Every Sunday morning my dad would gently wake me up and let me know that it was time to go to church. The smell of coffee, toast, and sugary oatmeal would fill my senses as I entered the kitchen. I would put on my lacy dress and my shiny shoes, and as my mom would curl and fix my hair she would tell me stories of the Bible that would take me out of this world.
Noah’s Ark is the one story that made me know that God is real, and believing in him could change my life.
As the story goes, Noah was asked by God to build an ark big enough for two of everything. People would laugh at him, and tell him he was crazy for believing in someone he could not see. Noah questioned God, and himself. He finished the ark and loaded up every animal by twos. It rained for forty days and forty nights. Noah then knew that God’s plan for him was to show others that he did indeed exist. He never questioned God again and was loyal to him every day after that.
When I was asked to go to the roller skating rink, or the mall I had to tell my friends that I had to go to church instead. The kids around me would laugh. I questioned myself every day at school, thinking to myself, “Wouldn’t life be easier if I could make my own choices?” I sometimes felt that if God was real, why would he let me suffer in school?

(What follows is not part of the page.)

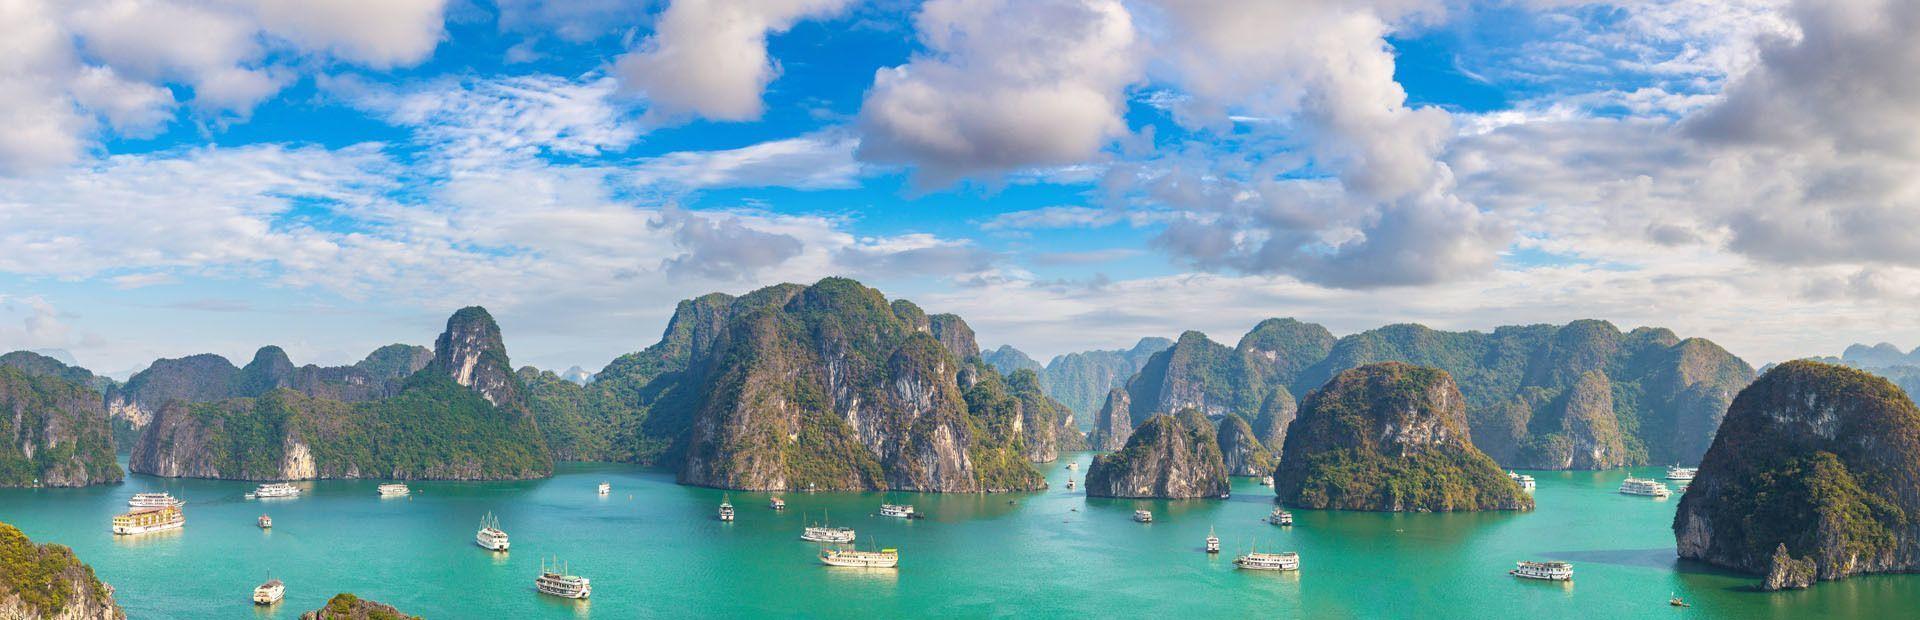 Vietnam: da Hanoi a Ho Chi Minh City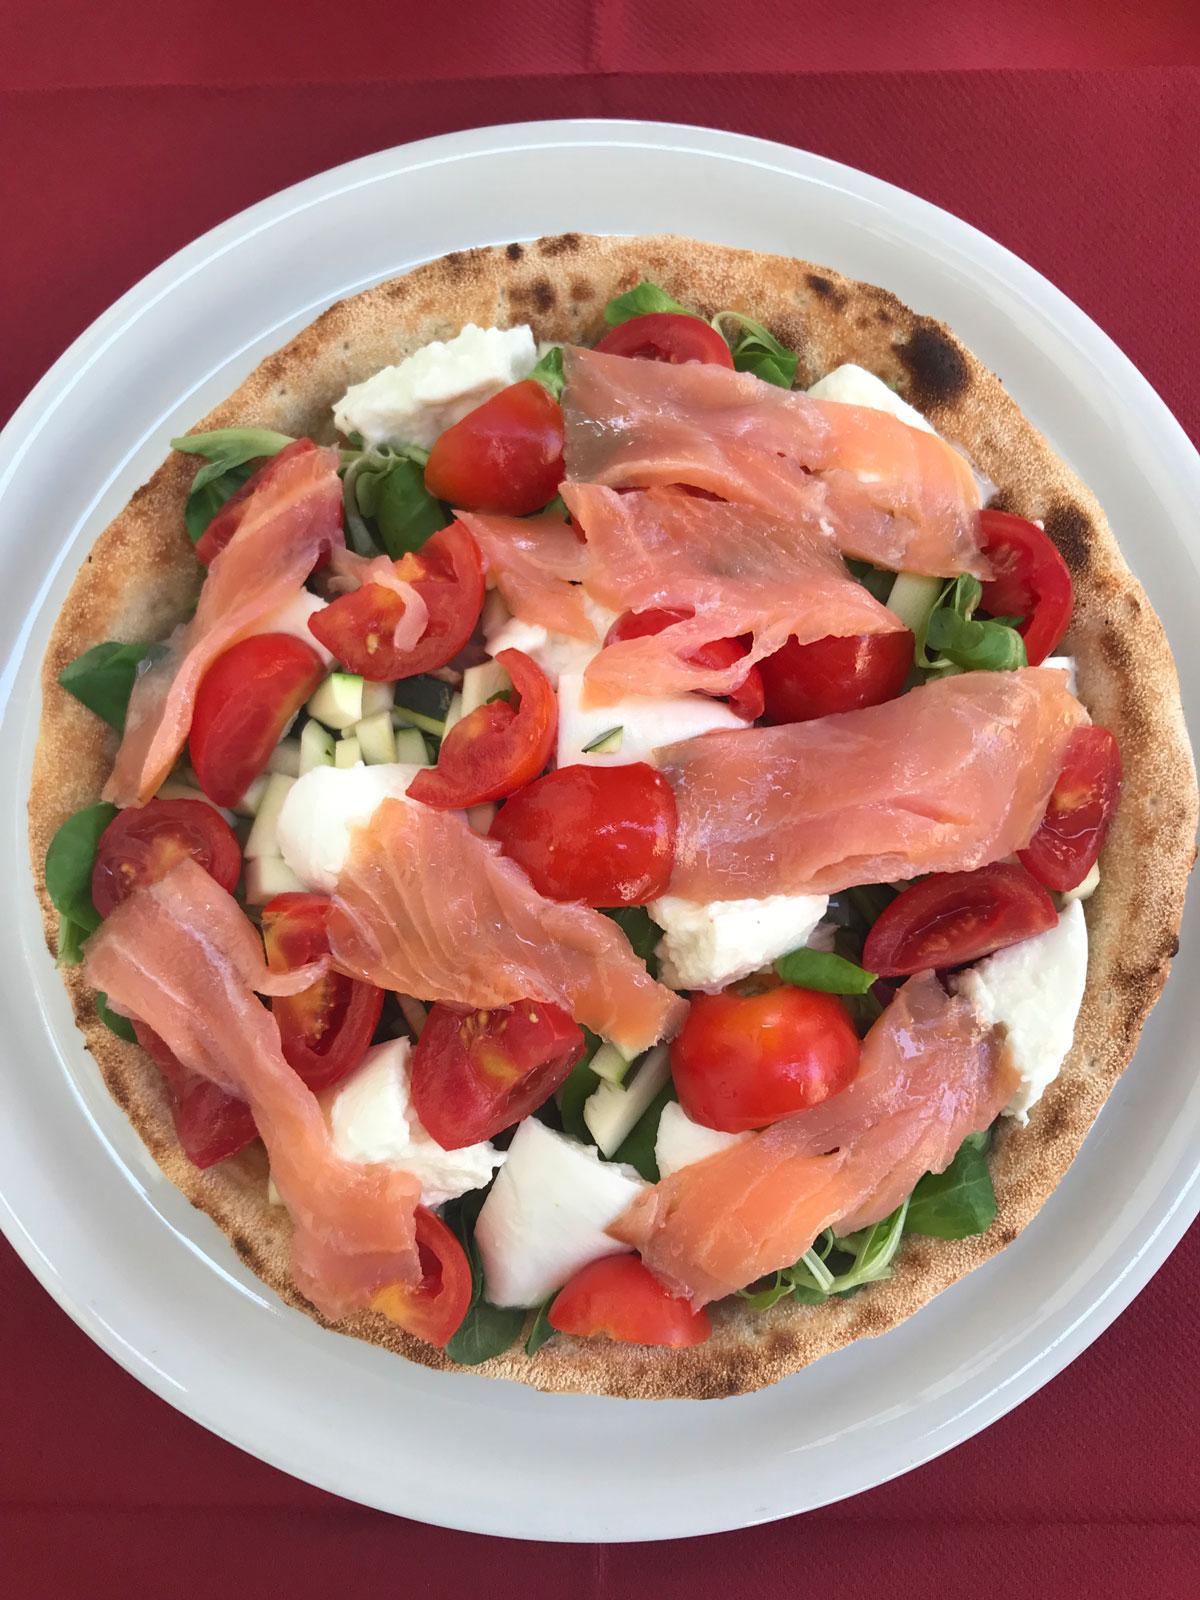 Pizza Ad Hoc - pizzeria Torino-pizza Ad HocPizza Ad Hoc - pizzeria Torino-pizza Ad Hoc

I remember a girl in my class her name was Sophia. She was pretty and popular, and all the other kids would assemble around her. I constantly tried to become her friend , but she always said that she couldn’t be friends with me because she didn’t want anyone to shun her, or make fun of her the way they did all of us that went to church. She would always make unpleasant comments behind me at the lunch line, or whisper to her friend as I walked by. One day I got a hall pass for the restroom and there she was crying her eyes out. I just passed her up, didn’t ask if she was ok or anything. I figured she got what she deserved; all the laughing and whispering had come back to her full fold. When my mom heard me talking to a friend about what I had seen, she was very disappointed. It was then that I was told that I should love thy neighbor as I would want to be loved. The next day at school I asked her if she was ok, and told her that I would be there for her if she ever needed to talk. To my surprise I actually felt better than I did thinking that she got what was coming to her. I knew that God was happy with me for being a friend, and never giving up on him.